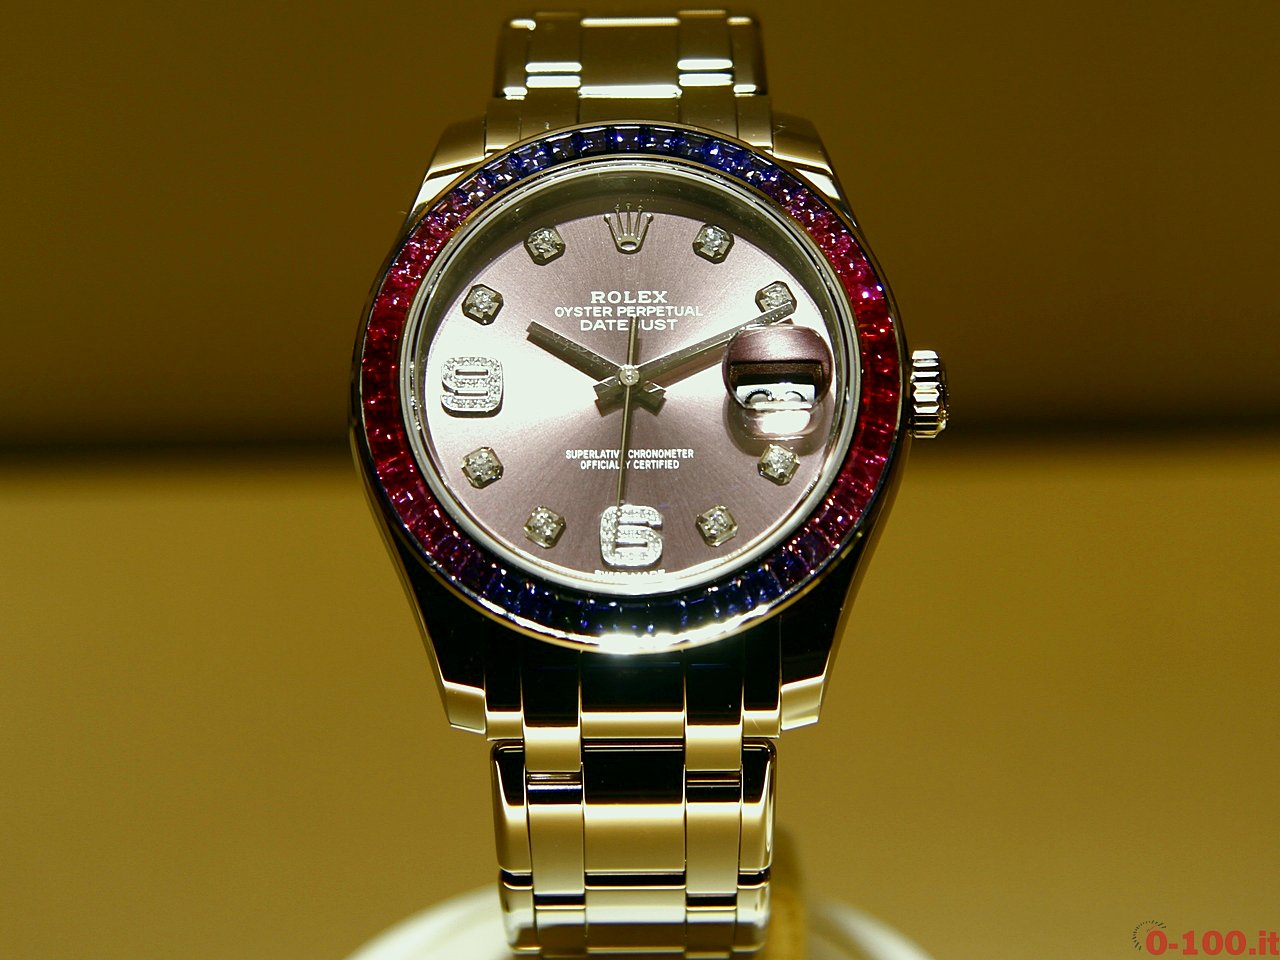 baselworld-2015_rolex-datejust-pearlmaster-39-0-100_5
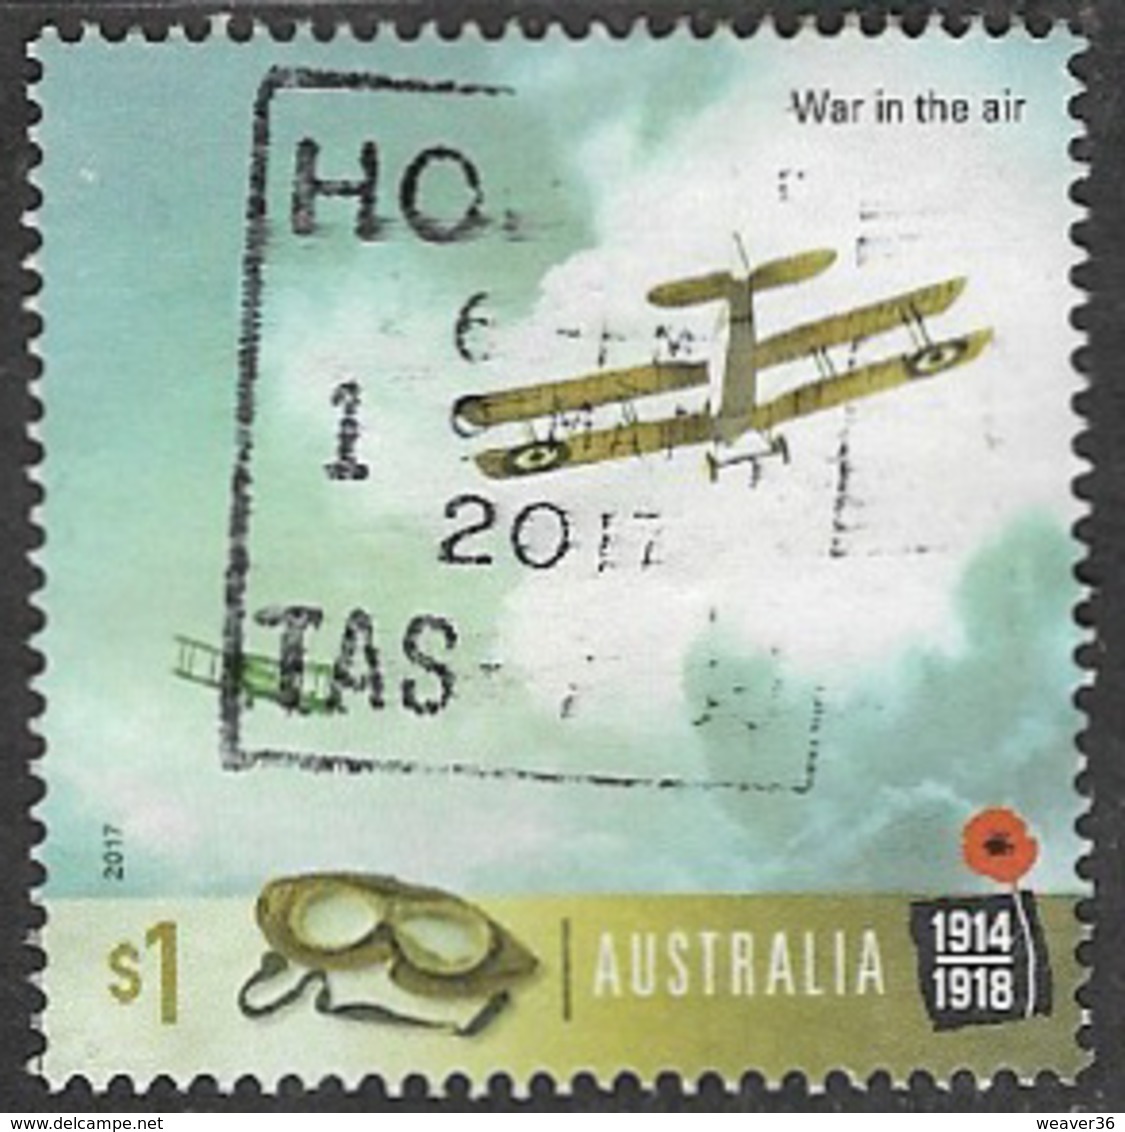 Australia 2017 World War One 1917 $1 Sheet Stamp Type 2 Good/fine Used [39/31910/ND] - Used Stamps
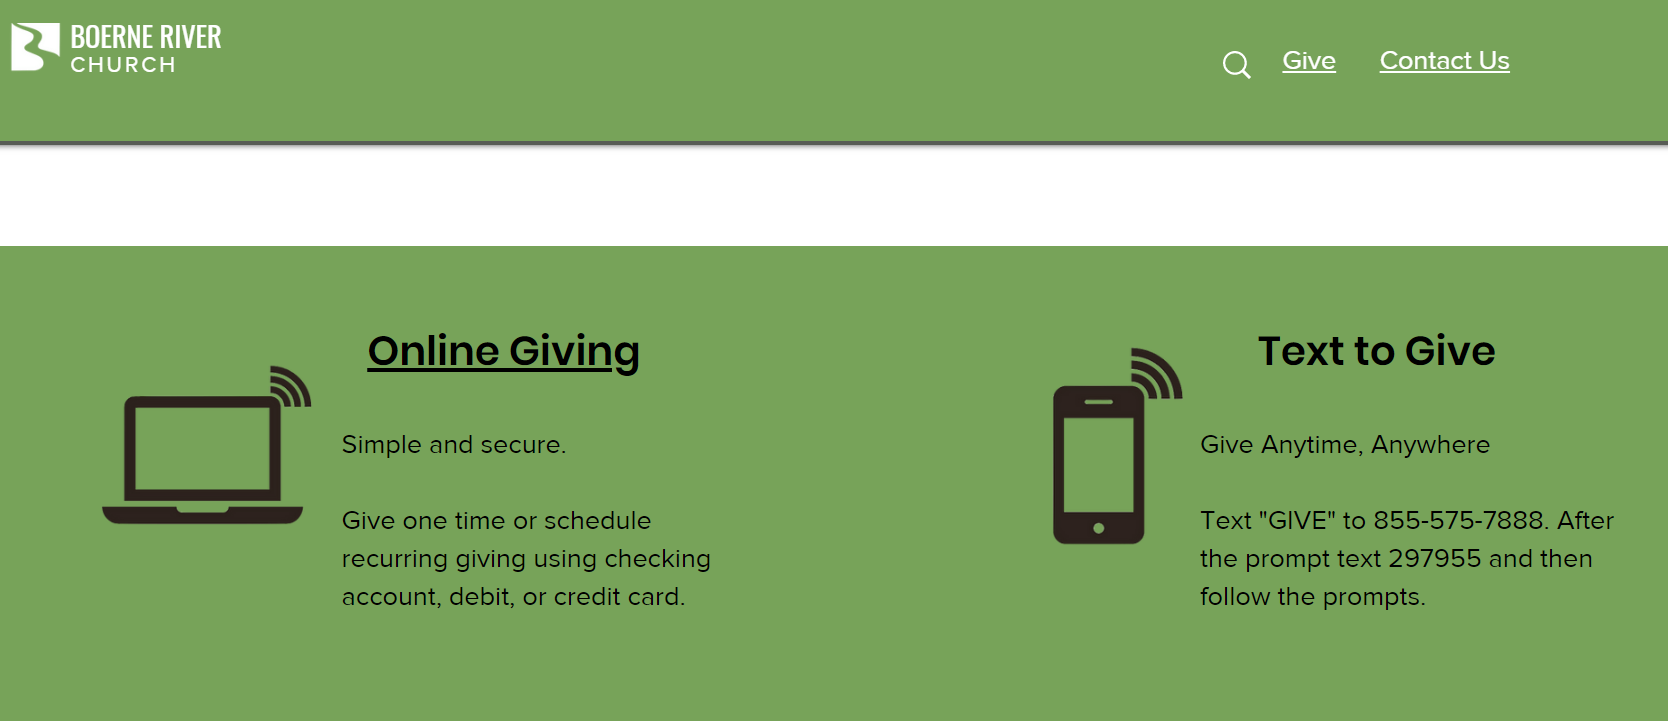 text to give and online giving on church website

## THE TASK
Take the lines from the one holding "Australia 2017 World" through the last line of the data above and copy them exactly, both ends included, omitting all pictures.

## RESULT
 Australia 2017 World War One 1917 $1 Sheet Stamp Type 2 Good/fine Used [39/31910/ND] - Used Stamps
 text to give and online giving on church website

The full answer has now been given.